HANDLE:  Very heavy and floppy.
[TKG-114.  Mehmet KiliÁ, Tribal Kilim Gallery
                    Analysis: Daniel Deschuyteneer]
To produce the small red and white bands in this rug's skirt, the weaver simply alternated wefts of the different colors, to form tiny vertical columns. The name, "pic-and-pic" simply means a pic (weft) of one color, then a pic of another.  

Only fragments of brocading remain, as floats on the surface were more easily abraided. 

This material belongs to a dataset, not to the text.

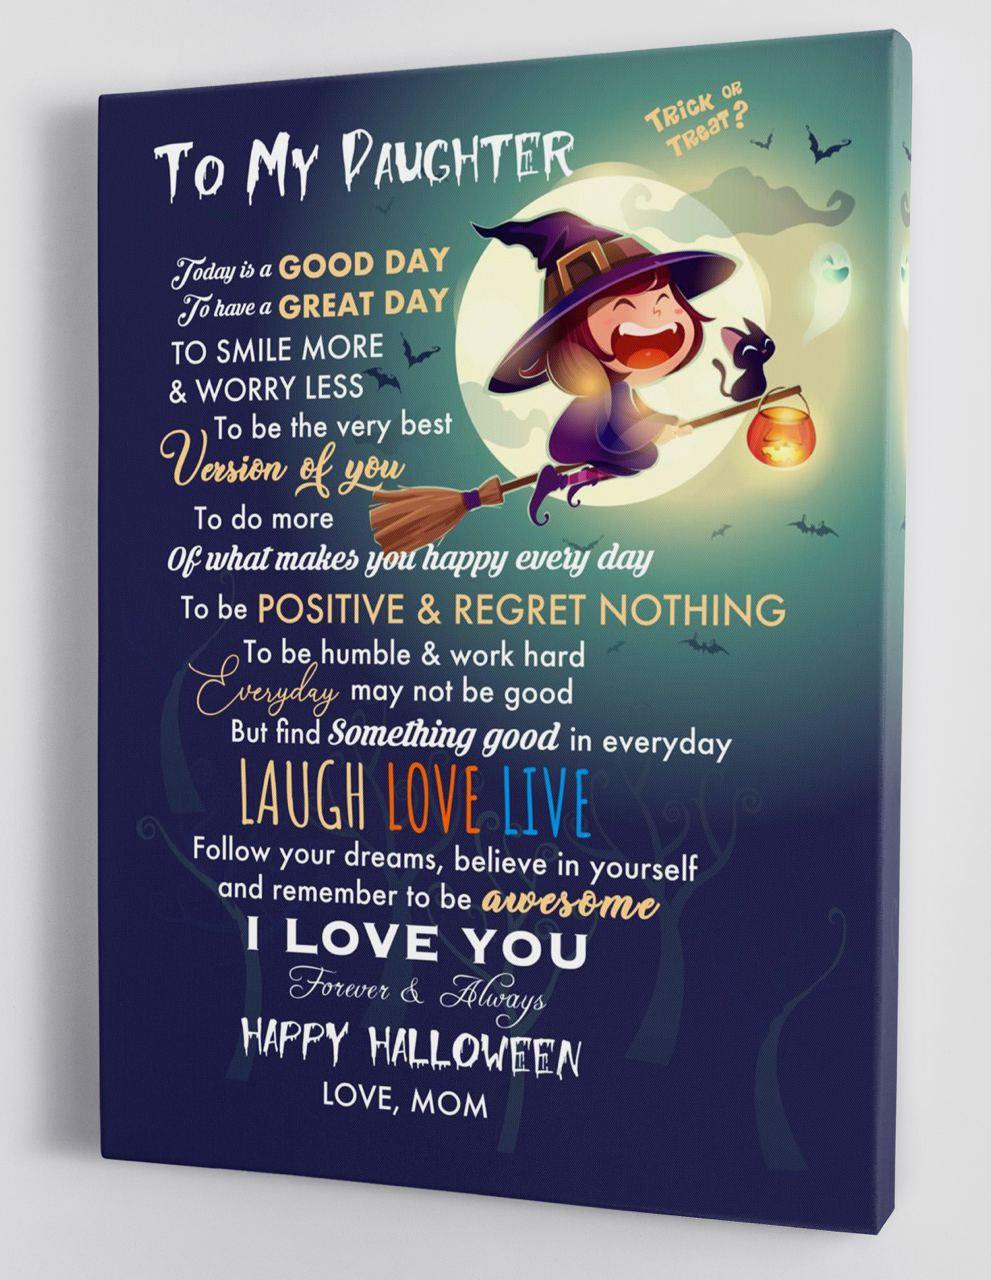 To My Daughter - From Mom - Halloween Canvas Gift MD060 - DivesArt LLC

The two-pic interlaced band has raveled a bit, allowing us to see its construction more clearly. Three warps were used together as a working unit, and two of these pics combine to form fat units of six yarns.



Heavy, plied selvage wefts interlace the warps in pairs on this rug, extending various distances into the ground weave to produce a substantial and durable edge.